1Champalimaud Research, Champalimaud Centre for the Unknown, Lisbon, Portugal, 2CUBRIC, School of Psychology, Cardiff University, Cardiff, United Kingdom, 3Champalimaud Centre for the Unknown, Lisbon, Portugal, 4iMinds - Vision Lab, University of Antwerp, Antwerp, Belgium

Synopsis

We address the degeneracy of the diffusion standard model and improve the precision and accuracy in parameter estimation, thus promoting clinical applicability. Acquisition of additional data is not required; instead, we introduce a more robust and accurate estimator by fitting the standard model directly to diffusion-weighted data rather than its rotational invariants. We are able to overcome the implicit assumption of data being shelled in terms of b-values. This enables the correction of gradient nonlinearities to avoid biases in model parameter estimation, whereas revising the optimal experimental design demonstrates that non-shelled encoding schemes are favorable in terms of achievable precision.

Introduction

The development of biophysical models aiming to relate diffusion MRI signal to brain tissue microstructure has seen an exponential growth in recent years. However, there is a rising awareness of the approach’s fundamental limitations1. A low precision, accuracy, and robustness of the parameters estimators of even the simplest biophysical models2 currently limit the clinical applicability of the developed techniques3,4. Factoring out the fiber orientation distribution function (fODF) using rotationally invariant metrics has reduced the complexity of the modeling problem, but in turn uncovered an intrinsic degeneracy in microstructural parameter estimation3. Moreover, such “powder averaging” approaches5,6,7 entail an implicit assumption that diffusion MRI data are perfectly shelled, i.e. different gradient directions for a finite set of $$$b$$$-values. However, this assumption is usually unmet due to gradient nonlinearities8 and poses an unnecessary constraint on experimental design9.

Theory

We here adopt the widely used two-compartment model of water inside narrow impermeable “sticks” representing axons10, embedded in an extra-cellular matrix, coined the diffusion Standard Model (SM)2,11:

$$S_{SM}(b,\hat{g})=\int d\hat{n}\mathcal{P}\left(\hat{n}\right)\mathcal{K}\left(b,\hat{g}\cdot\hat{n}\right)\;\;\;\;\left(1\right)$$

with

$$\mathcal{K}\left(b,\xi\right)=fe^{-bD_a\xi^2}+(1-f)e^{-bD_e^\perp-b\left(D_e^\parallel -D_e^\perp\right)\xi^2}\;\;\;\;\left(2\right)$$

being the signal response kernel of an individual fiber fascicle parameterized by the intra-axonal signal fraction $$$f$$$ and parallel diffusivity $$$D_a$$$, and the extra-axonal radial and axial diffusivities $$$D_e^\parallel$$$ and $$$D_e^\perp$$$, respectively. The fODF $$$\mathcal{P}\left(\hat{n}\right)$$$ is parameterized by its spherical harmonic coefficients $$$p_{lm}$$$, up to order $$$L$$$.

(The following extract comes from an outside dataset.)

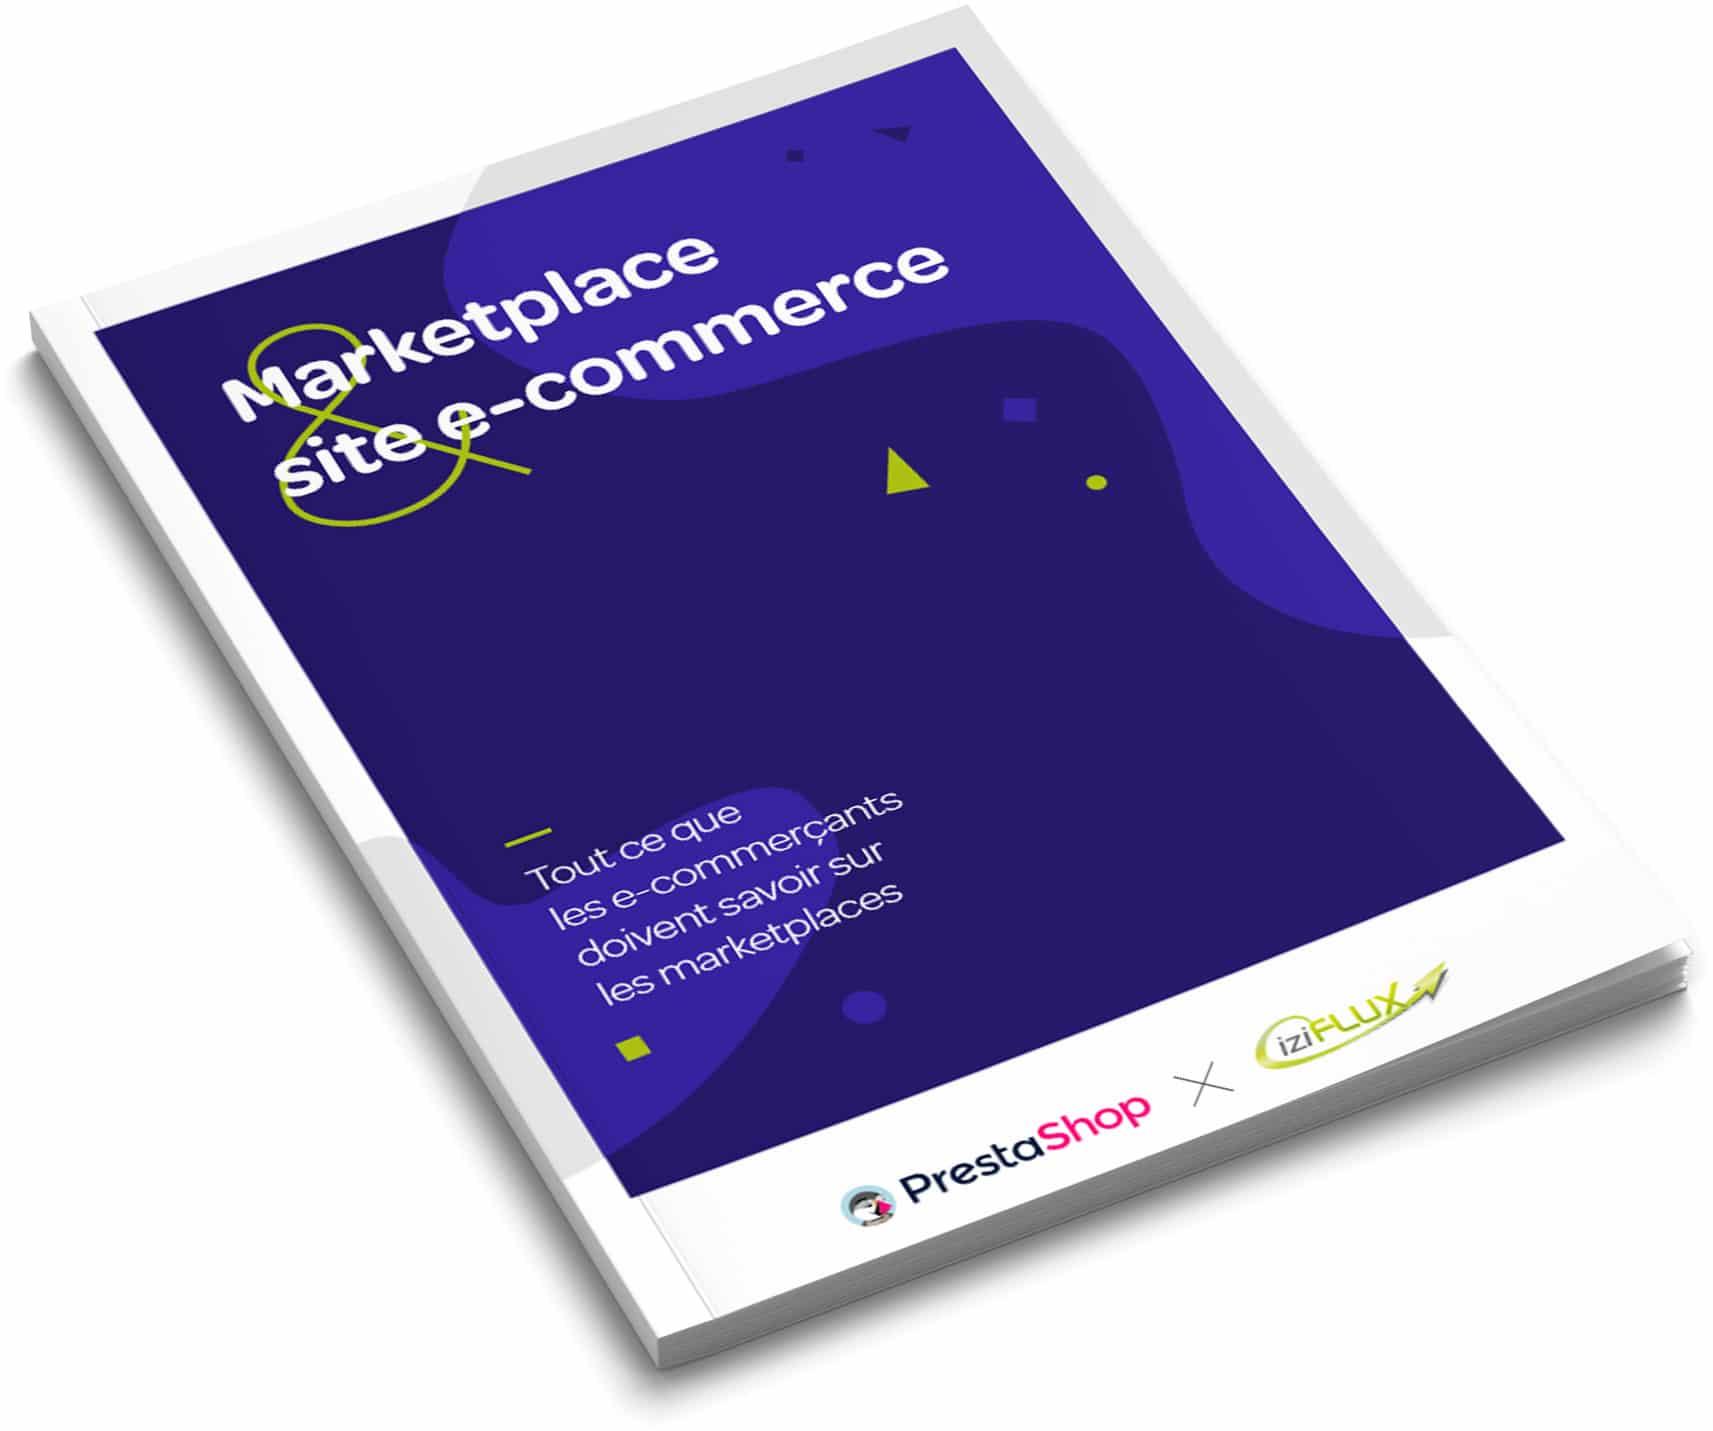 le livre blanc e-commercant & marketplace

The $$$4+(L+1)(L+2)/2$$$ parameters can be estimated by minimizing the following non-linear object function: $$\|S(b,\hat{g})-S_{SM}(b,\hat{g})\|^2\;\;\;\;\left(3\right)$$

If data is acquired with several $$$b$$$-shells, this system can also be solved by first representing each $$$b$$$-shell by its spherical harmonic (SH) coefficients $$$S_{lm}(b)$$$:

$$\|S_{lm}(b)-p_{lm}K_l (b)\|^2\;\;\;\;\left(4\right)$$

with $$$K_l(b)$$$ the projection of $$$\mathcal{K}\left(b,\xi\right)$$$ onto Legendre polynomials3. The dimensionality of this optimization problem can be reduced by adopting the $$$l^{\mathrm{th}}$$$ rotational invariants of the signal and fODF, $$$S_l^2=\sum_{m=-l}^l|S_{lm}|^2/4\pi(2l+1)$$$ and $$$p_l^2=\sum_{m=-l}^l |p_{lm}|^2/4\pi (2l+1)$$$, respectively, thereby factoring out the full fODF3: $$\|S_{l}(b)-p_{l}K_l(b)\|^2\;\;\;\left(5\right).$$

Although all three fitting approaches, i.e. Eqs. (2), (3), and (4) are derived from the same standard model, we will demonstrate their robustness, accuracy, and precision is significantly different.

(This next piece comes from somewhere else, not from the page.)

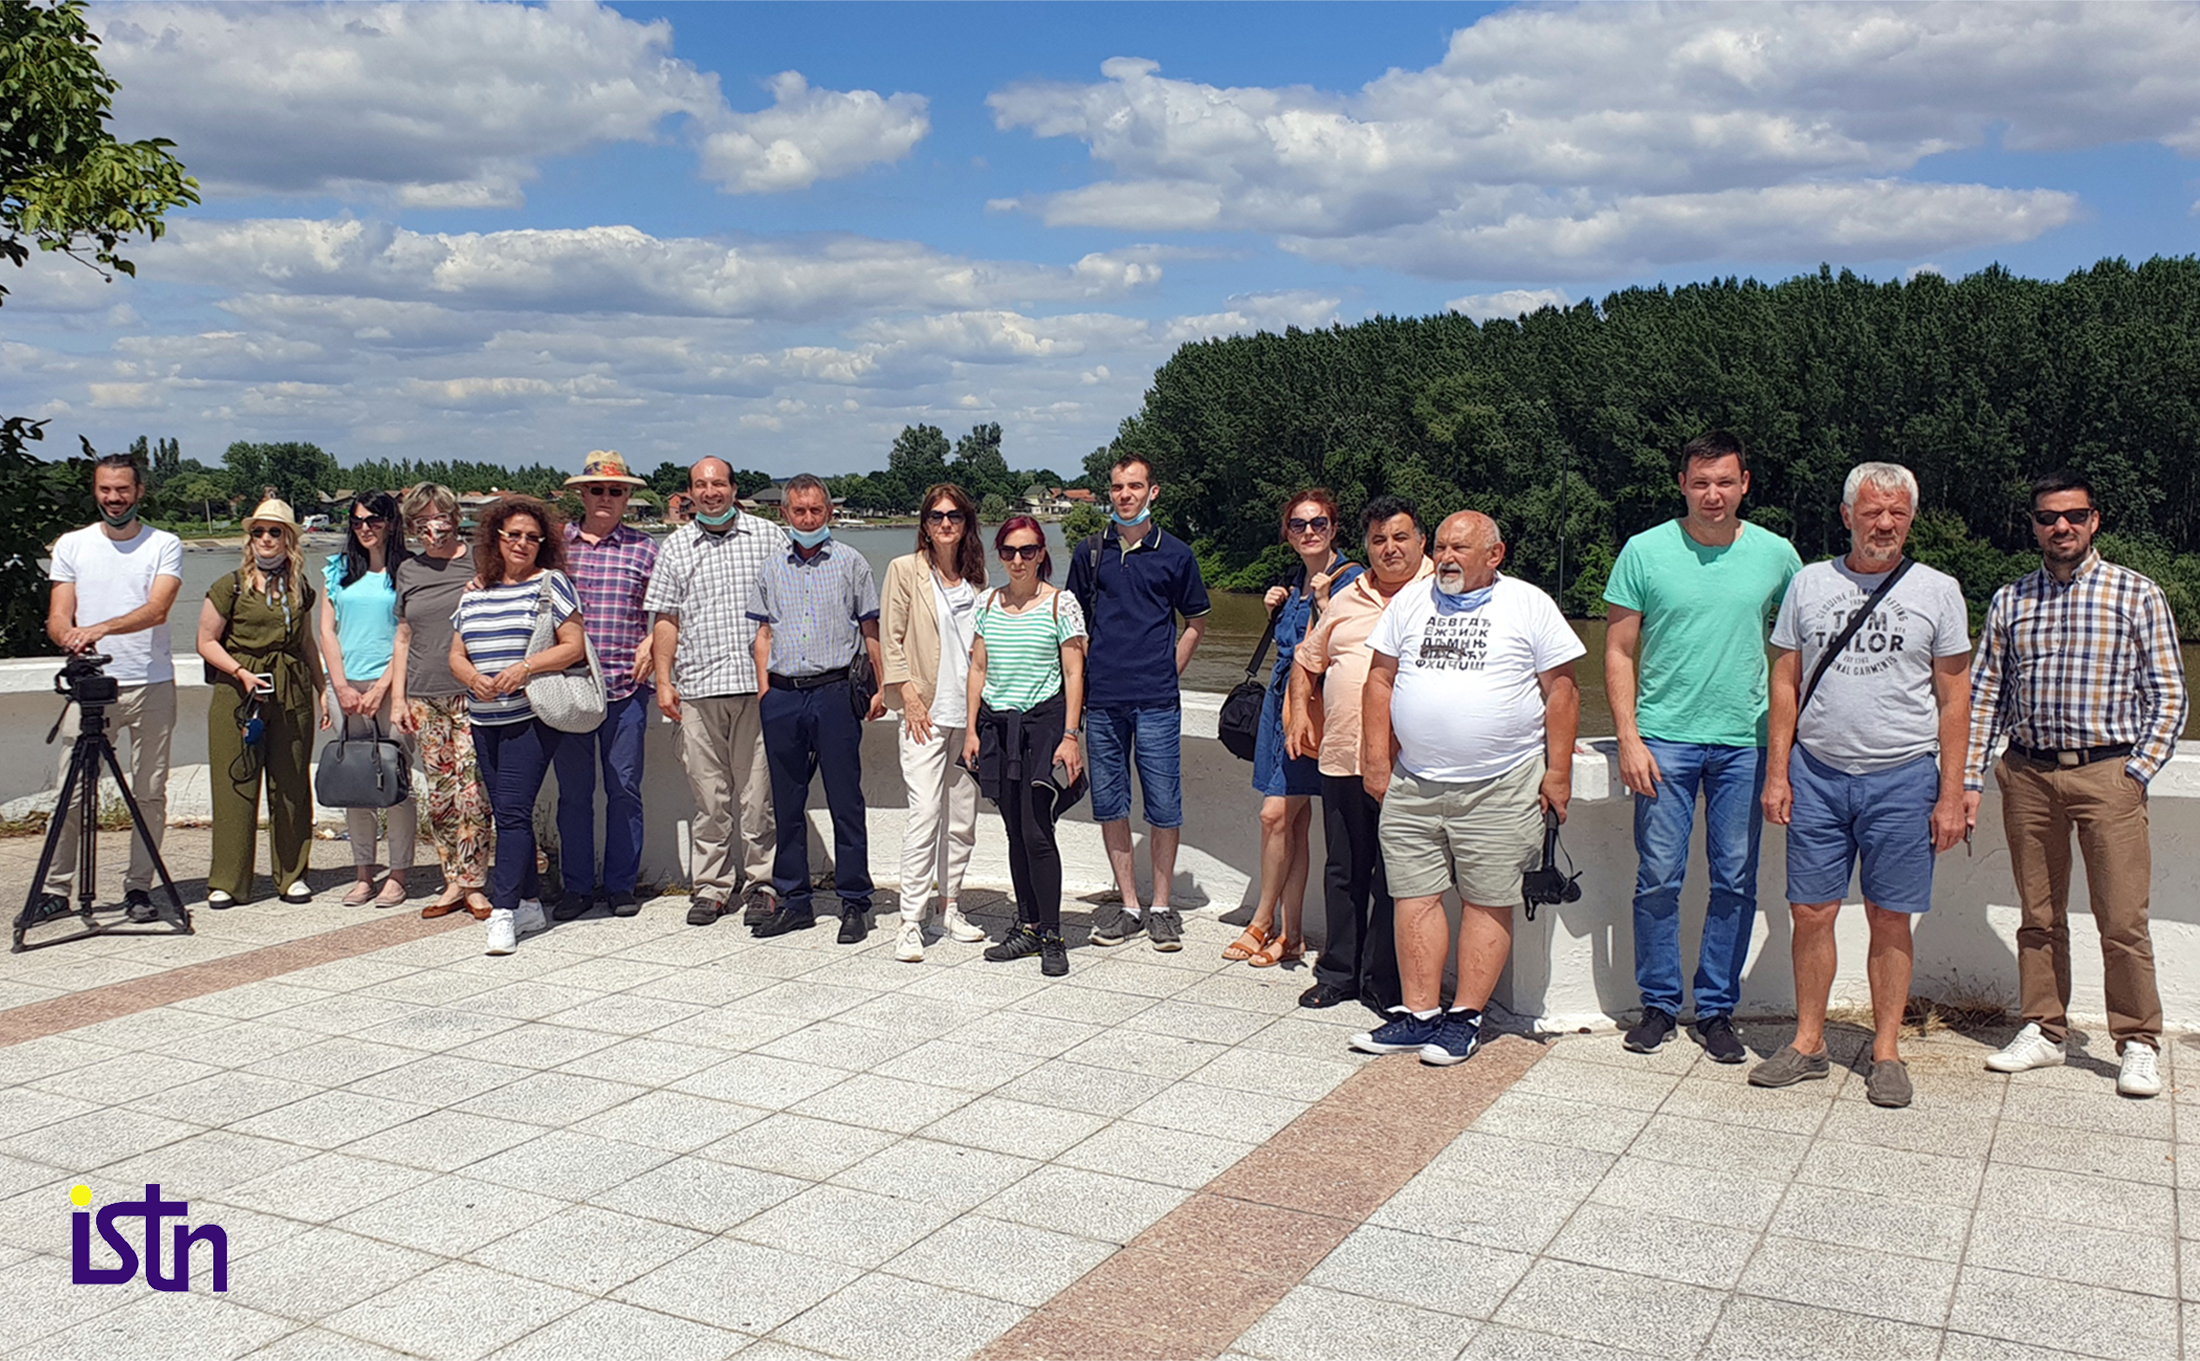 Predstavnici projekta IDENTIS i turisticki novinari obilaze Potisje, ISTN

We will refer to the parameter estimators based on Eqs. (2), (3), and (4) as “SM”, “SM-SH”, and “SM-RotInv”, respectively. The maximal SH order $$$L$$$ is 6 unless stated differently.

Data

Simulations: Synthetic signals were produced by solving Eq. (1) with ground truth parameters $$$f\,=\,0.75,\,D_a\,=\,2.1\,\mathrm{\mu\,m^2/ms},\,D_e^\parallel\,=\,1.5\,\mathrm{\mu\,m^2/ms}$$$, and $$$D_e^\perp\,=\,0.5,\mathrm{\mu\,m^2/ms}$$$ and a crossing fiber geometry for $$$\mathcal{P}\left(\hat{n}\right)$$$ using the diffusion-weighted encoding scheme of the MR data. Gaussian noise was added (SNR$$$_{b=0}=50$$$) to evaluate the robustness, accuracy and precision of the different estimators.

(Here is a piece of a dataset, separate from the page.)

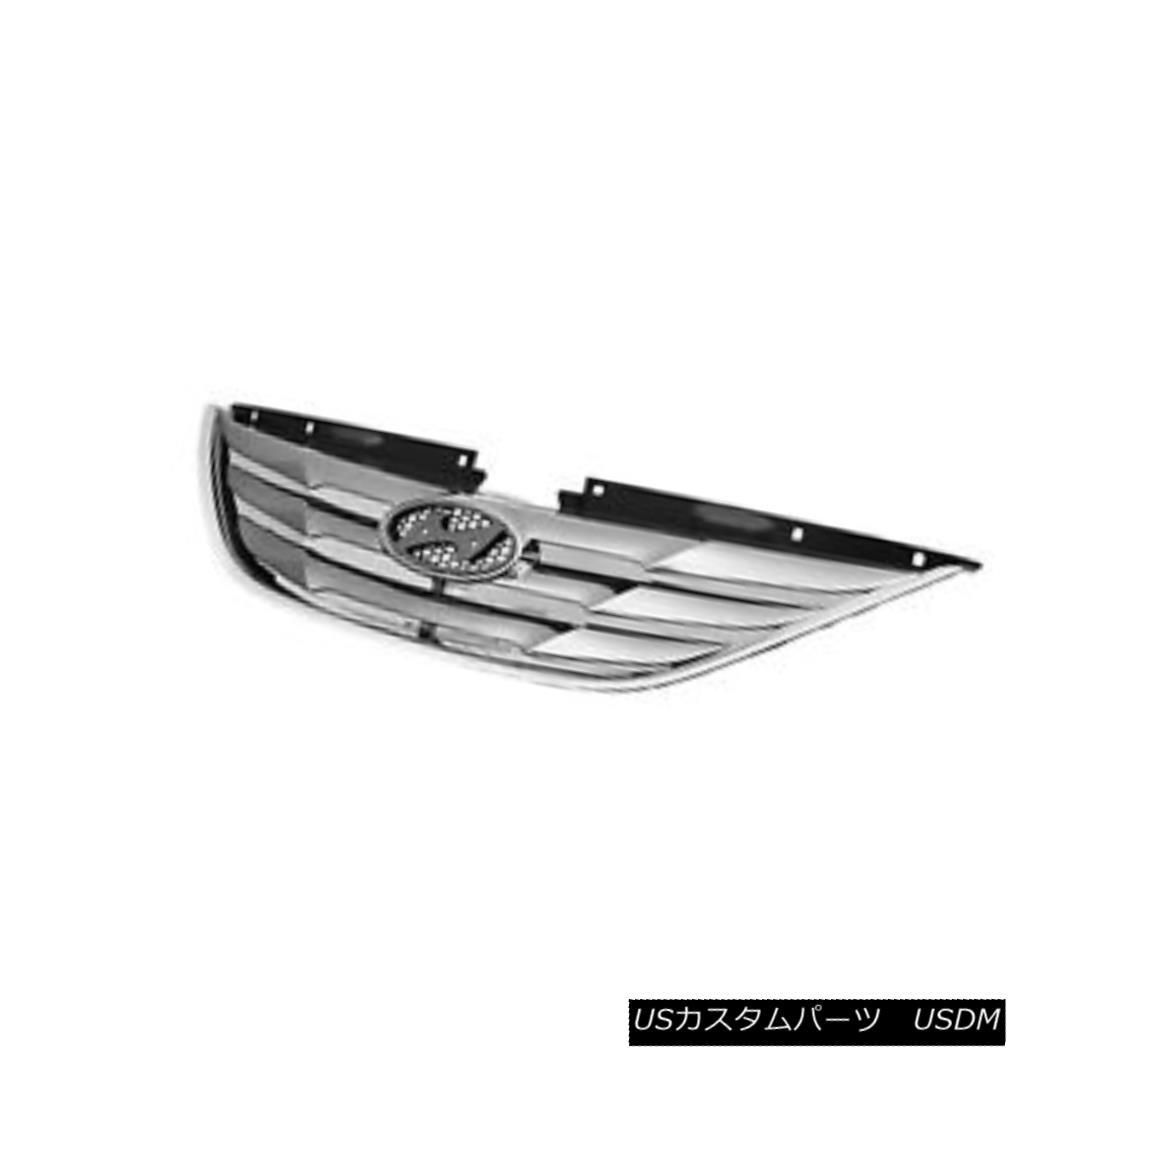 グリル Replacement Grille for 2011 2012 2013 Hyundai Sonata SE Limited Models Value 2011年2012年交換用グリル2013 Hyundai Sonata SE Limitedモデル値

MRI experiments: Four volunteers were scanned on a Connectom 3T MR scanner. Diffusion-weighting was applied along 30 gradient directions for $$$b = 1$$$ and $$$2\,\mathrm{ms/\mu\,m^2}$$$, and 60 gradient directions for $$$b\,=\,3,\,5,\,7,\,9,\,11,\,12.1,\,13.5$$$ and $$$15\,\mathrm{ms/\mu\,m^2}$$$. Following parameters were kept constant: $$$\Delta/\delta\,=\,30/13\,\mathrm{ms}$$$, $$$\mathrm{TR/TE}=3500/62\,\mathrm{ms}$$$ and resolution $$$3\,\times\,3\times\,3\,\,\mathrm{mm}^3$$$. Data was denoised12 and Gibbs-13, eddy current-14, and Rician bias-15 corrected prior to analyses. Moreover, the $$$b$$$$-values were corrected for spatially varying gradient nonlinearities16.

Results

Degeneracy: Simulations demonstrate that, unlike “SM-SH" and “SM-RotInv", “SM” does not show the notorious cluster of biophysically plausible, yet spurious solutions, which occur even at high $$$b$$$-values (Fig.$$$\,1$$$). The results are independent from the starting point (Fig. 2). Although the degeneracy is technically not resolved, the basin of attraction is strongly reduced, leaving an apparent lack of degeneracy. The findings are confirmed in the MR data (Fig. 3). Although fits were performed from random starting points, “SM” shows to produce smooth parametric maps, even for lower $$$b$$$-values, whereas ``SM-RotInv"-derived maps show speckled noise, indicating the degeneracy.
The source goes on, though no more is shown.